We have been back in Asheville, home from my Mom’s funeral in Orlando, for a week now. I’m not going to lie, it’s been a hard seven days. In some ways time seems to be crawling along, each moment reminding me that my Mom is no longer with us. In other ways it seems like a giant blur and a reality that still just isn't true. Sometimes the day ahead seems almost impossible and I’m not sure how I can keep smiling and moving on. But I have been. I keep moving forward, one step at a time, because I know that is what my mom would want. She hated to see me unhappy. So I’m fighting through the sadness; for her.
I have been slowly trying to find my routine. For me that involves running and exercising. With everything that has happened over the past month, I ended up taking a much longer break from running than I intended. I ran 3 slow miles Saturday, Monday and today. My body wanted to stop so badly. I felt out of shape and out of breath. But I powered through and felt so much better afterwards. I can’t believe I’m the same girl who just ran a marathon. It may be awhile before my mental strength comes back, but I can work hard to get back my physical strength. I hate to feel weak.
I have found such comfort in all of the kind words, comments and notes so many of you have sent to me. I am blown away by the support and prayers. I thank so many of you for lifting my family and I up in such a trying and difficult time. This community is amazing. I apologize if I have not gotten back to respond to your individual note or comment, I am just so behind. But please know that I have read and cherished all of them and they all are giving me a little nudge on that mental strength to get through the day.
So many of you shared stories about how you lost your parents. Some of you are going through the same feelings and sorrow I am now. Our minister in Orlando read this poem at the graveside. I honestly don’t remember hearing much of it at all at the time, but he was kind enough to send it to us in an e-mail a couple days later. It gives me a sense of comfort and peace with my Mom’s death. I hope it will help some of you going through similar situations….
A Letter From Heaven
A Letter From Heaven - Ruth Ann Mahaffey
To my dearest family, some things Id like to say.
But first of all, to let you know, that I arrived okay.
I'm writing this from heaven.
Here I dwell with God above.
Here, there’re no more tears of sadness;
Here is just eternal love.
Please do not be unhappy just because I'm out of sight.
Remember that I am with you every morning, noon and night.
That day I had to leave you when my life on earth was through.
God picked me up and hugged me and He said, I welcome you.
Its good to have you back again, you were missed while you were gone.
As for your dearest family, They'll be here later on.
I need you here so badly, you are part of my plan.
There is so much that we can do, to help our mortal man.
God gave me a list of things, that he wished for me to do.

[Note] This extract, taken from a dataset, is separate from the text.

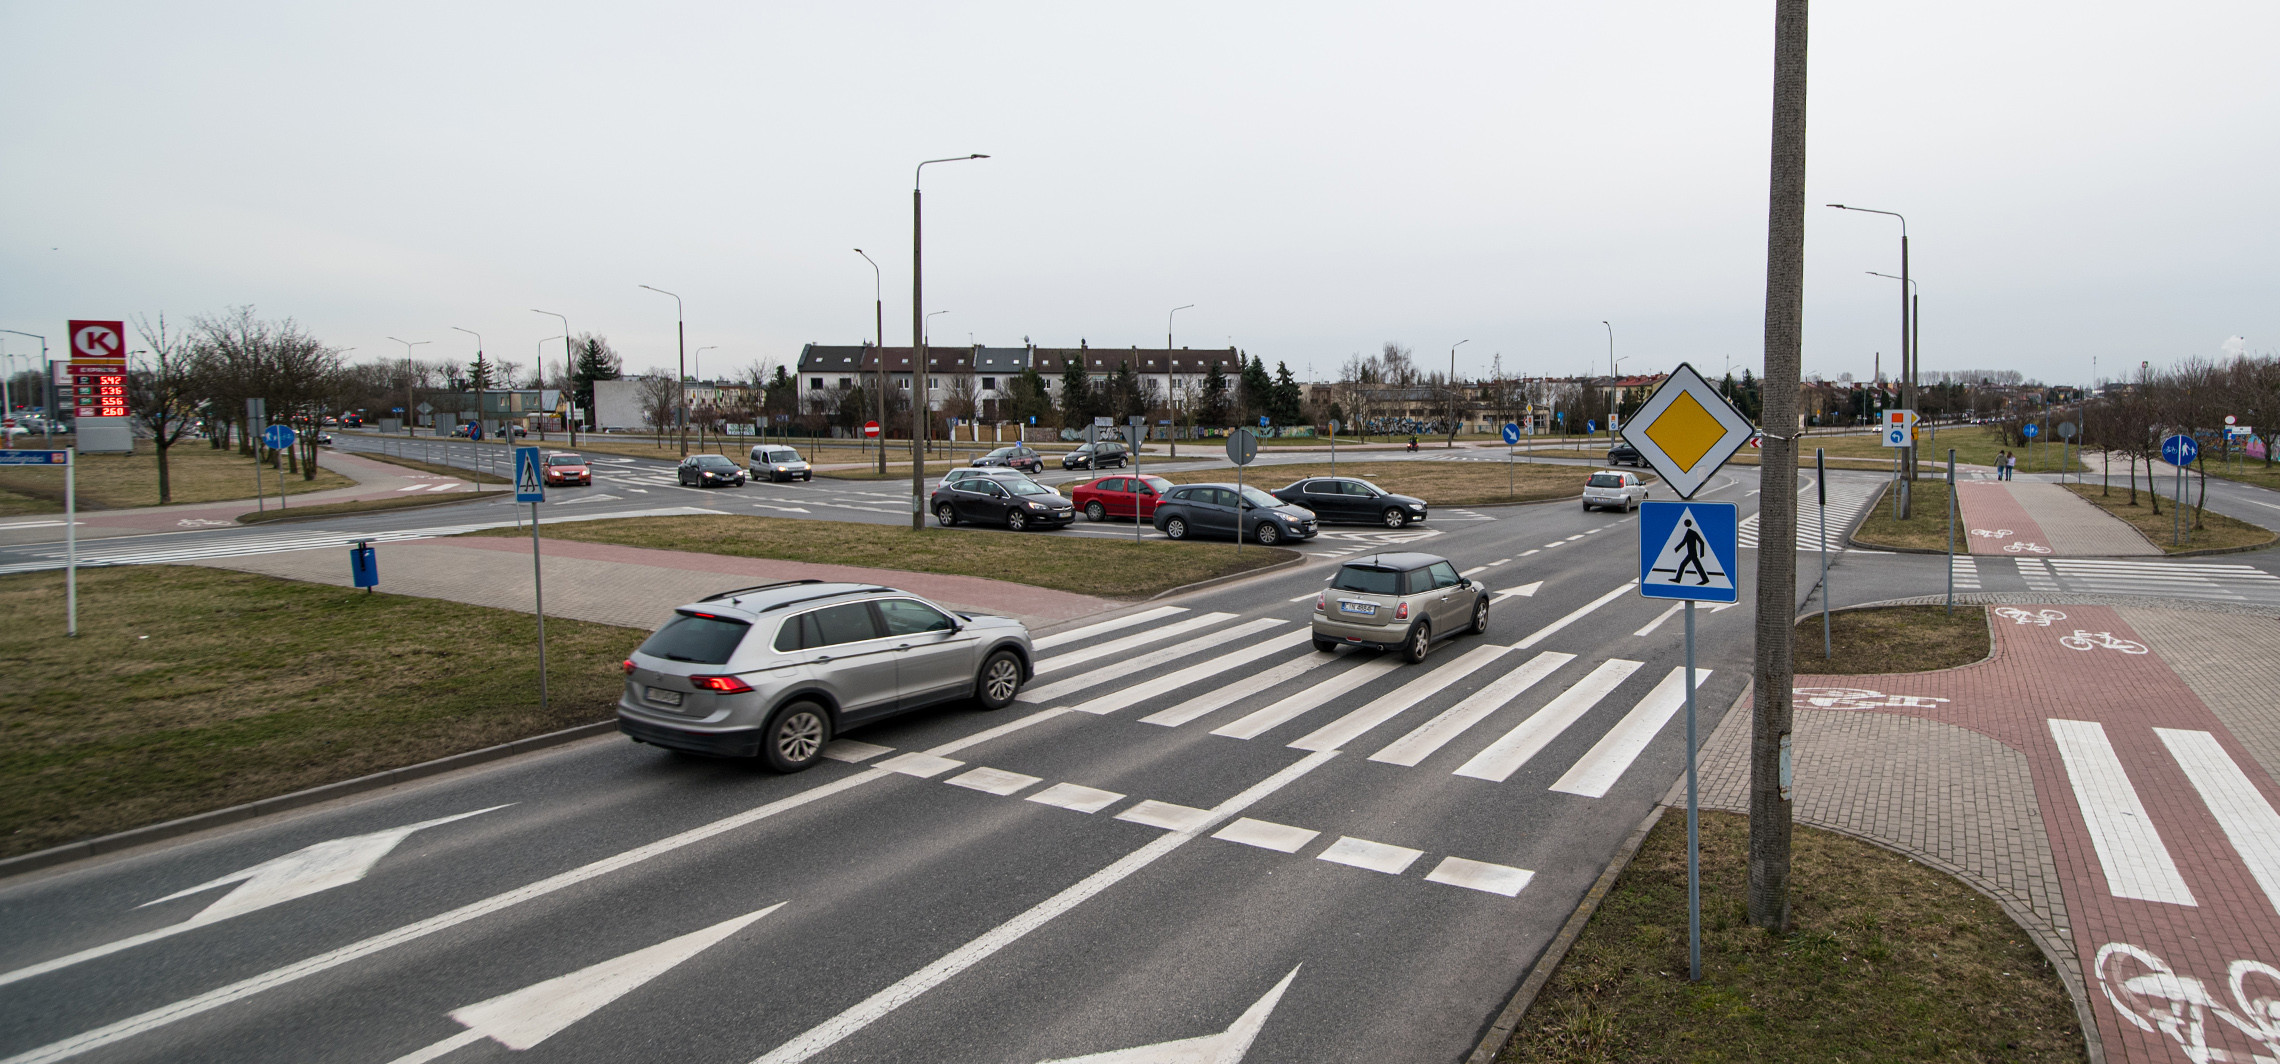 Inowrocław - Komisja zaproponowała zmiany na skrzyżowaniu

And foremost on the list, was to watch and care for you.
And when you lie in bed at night the days chores put to flight.
God and I are closest to you....in the middle of the night.
When you think of my life on earth, and all those loving years.
Because you are only human, they are bound to bring you tears.
But do not be afraid to cry; it does relieve the pain.
Remember there would be no flowers, unless there was some rain.
I wish that I could tell you all that God has planned.
If I were to tell you, you wouldn't understand.
But one thing is for certain, though my life on earth is over.
I'm closer to you now, than I ever was before.
There are rocky roads ahead of you and many hills to climb;
But together we can do it by taking one day at a time.
It was always my philosophy and Id like it for you too;
That as you give unto the world, the world will give to you.
If you can help somebody who is in sorrow and pain;
Then you can say to God at night....My day was not in vain.
And now I am contented... that my life was worthwhile.
Knowing as I passed along the way I made somebody smile.
So if you meet somebody who is sad and feeling low;
Just lend a hand to pick them up, as on your way you go.
When you're walking down the street and you've got me on your mind;
I'm walking in your footsteps only half a step behind.
And when its time for you to go...from that body to be free.
Remember you're not going...you're coming here to me.